Deploying PEFT models with Python client library

Last updated: Jun 26, 2025

To deploy a PEFT model with watsonx.ai Python client library, start by creating and deploying the base foundation model asset, followed by creating and deploying the LoRA adapter model asset, which enables the fine-tuned model to be deployed and used for online inferencing. This process allows for the deployment of fine-tuned models with PEFT techniques, enabling real-time predictions.

Before you begin

Review requirements for deploying PEFT models, including supported models, hardware and software requirements, and deployment types. For more information, see Requirements for deploying PEFT models with REST API.
You must authenticate by generating and entering your API key.
You must enable the auto_update_model option during training to create an asset for the LoRA adapter model asset in the watsonx.ai Runtime repository.
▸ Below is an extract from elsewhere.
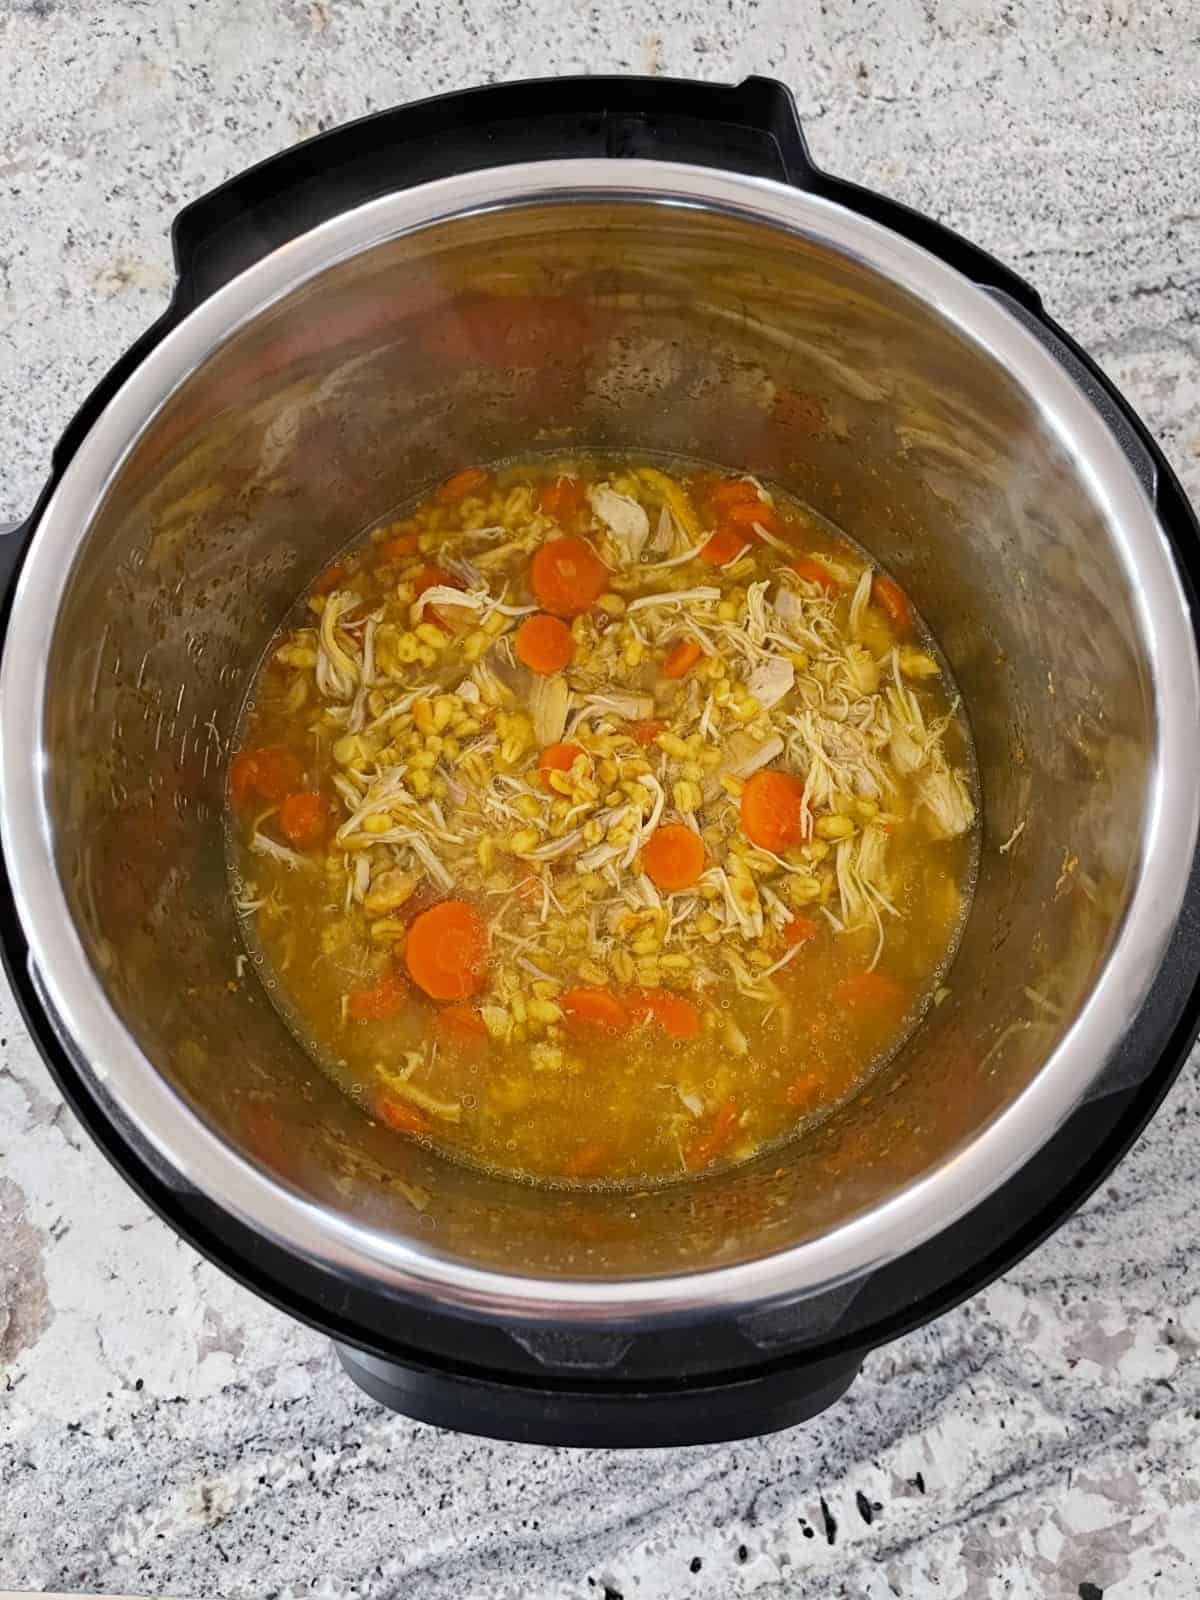 Fresh cooked barley chicken stew in InstantPot.

Creating the base foundation model asset

Create a watsonx.ai Runtime model asset by providing the fine-tune model details by using the watsonx.ai Python client library.

The following code sample shows how to create the base foundation model asset for a supported foundation model:

sw_spec_id = client.software_specifications.get_id_by_name('watsonx-cfm-caikit-1.1')

metadata = {
    client.repository.ModelMetaNames.NAME: 'Base FT model',
    client.repository.ModelMetaNames.SOFTWARE_SPEC_ID: sw_spec_id,
    client.repository.ModelMetaNames.TYPE: "base_foundation_model_1.0"
}

stored_base_model_details = client.repository.store_model(model="meta-llama/llama-3-1-8b", meta_props=metadata)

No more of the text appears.